This would seem to dispose of presumptive title, or any other sort of title, to known mineral land passing with the grant to the state; but in the present case we do not deem it important to consider the question of whether the presumptive title existed in the state or not. It may be suggested parenthetically that an established practice has grown up in the Land Department to the effect that, where an application for the purchase of coal lands is made on school numbered sections, the applicant is given the status of a contestant, with the burden upon him to establish that the lands were known coal lands at the date of the grant; the state in each instance being the contestee. This being an established practice of the Land Department, the courts would not feel inclined, by extraordinary process, to disturb a construction thus placed upon the land law and consistently adhered to by the department through a long period of time, and upon the faith of which vested rights have been acquired and large expenditures made.

But that rule has no application here, since the contestee, the state, after being given an opportunity to produce testimony to defeat Braffet's prima facie case, voluntarily withdrew from the contest, thus surrendering any rights it may have had thereunder as contestee.

This leaves the case, however, subject to another rule of practice recognized by the department in cases where the application for entry or purchase is subject to contest. After a citizen has submitted required proof of compliance with the public land law and his entry has been placed of record, he is vested with a presumptive title to the land — a title such as precludes allowance of any other claim so long as his entry remains intact. The title of the entryman is not absolute, however, but it is still subject to investigation and scrutiny, and, if found for any reason to be invalid, it is liable to cancellation. But cancellation cannot emanate from thin air. It must rest upon a valid foundation, since the very existence of the entry segregates the land from the mass of the public domain, and a lawful reason must exist before an entryman can be deprived of his right.

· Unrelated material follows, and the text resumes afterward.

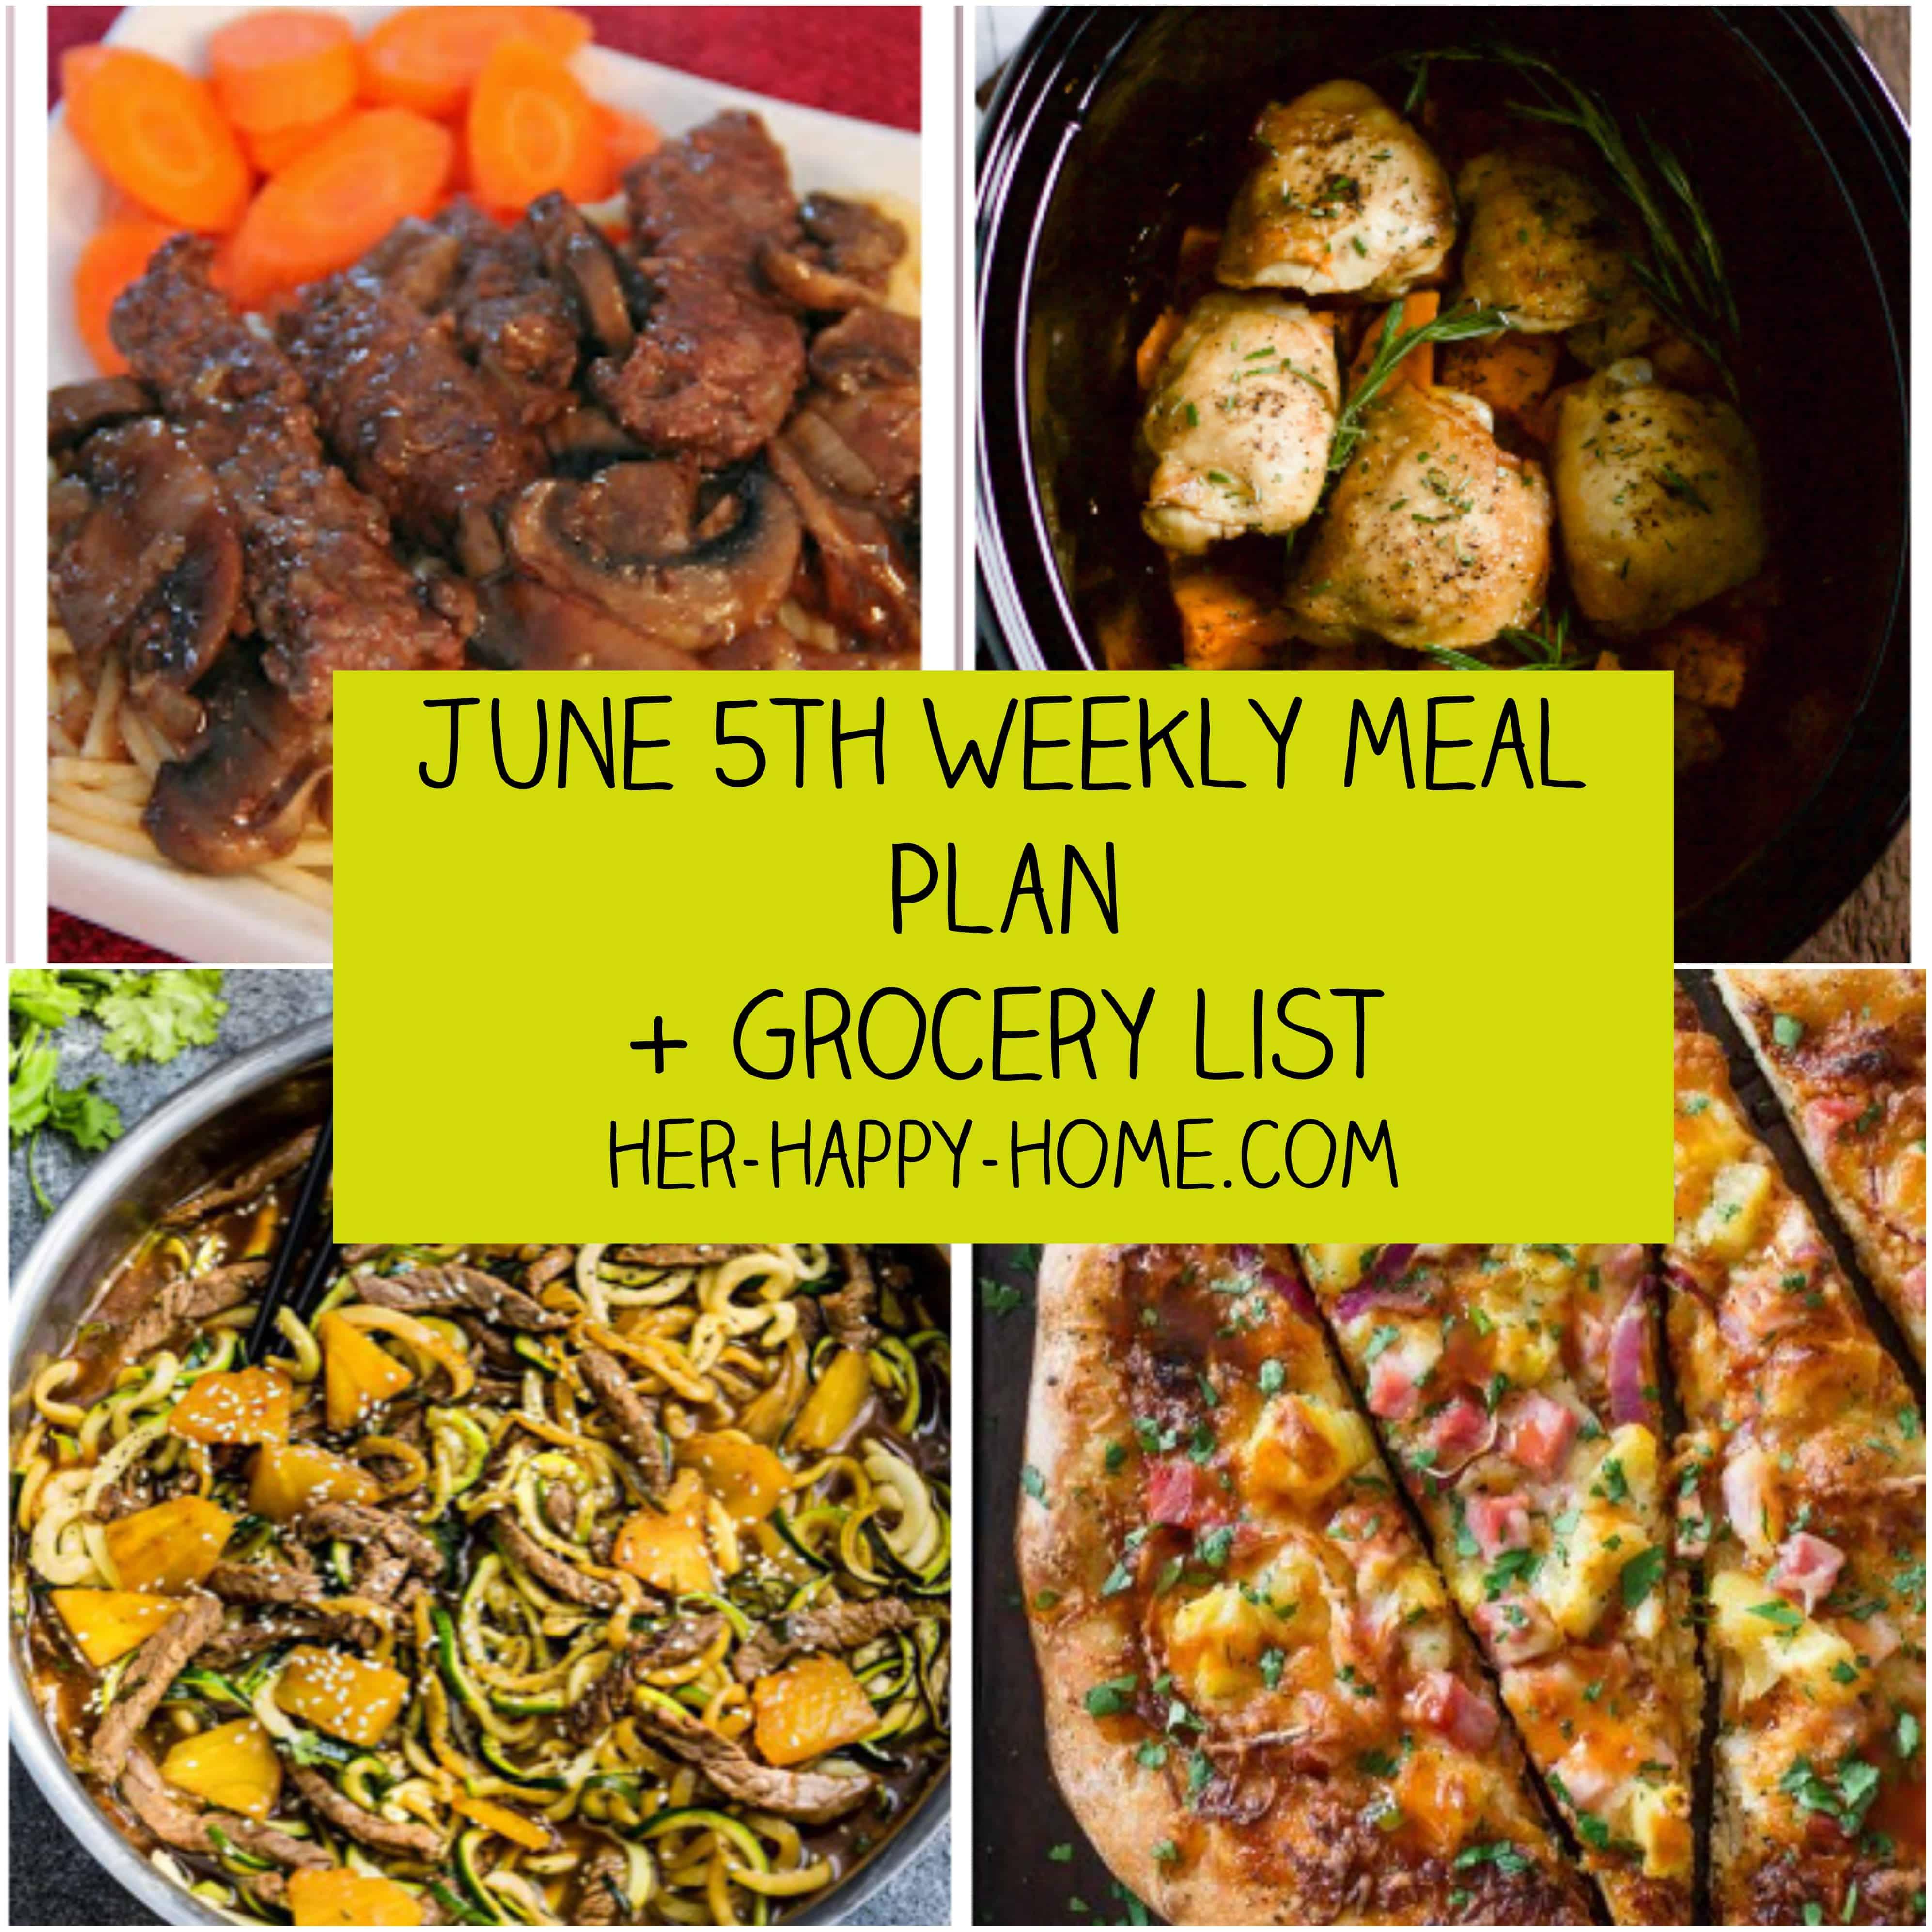 June 5th Weekly Meal Plan + Grocery List

Thus it will be observed that by the rule of practice established in the department, and indeed by the law as announced by the courts in many cases, the moment that Braffet's application for purchase was placed of record in the local land office, he acquired an interest that could not be divested in favor of any other claim so long as his entry remained intact. It was in that condition when the Secretary ordered the case remanded to the local land office. Hence it appears that, under that theory of the case, the state and the Coal Company, by their failure to further contest Braffet's claim, removed the only obstacle to the allowance of his application. By his submission of prima facie proof to the satisfaction of the Land Department that the lands were known coal land at the date of the grant to the state, and the failure of the state to rebut that proof, his application became complete, and upon payment of the price he is entitled to a patent.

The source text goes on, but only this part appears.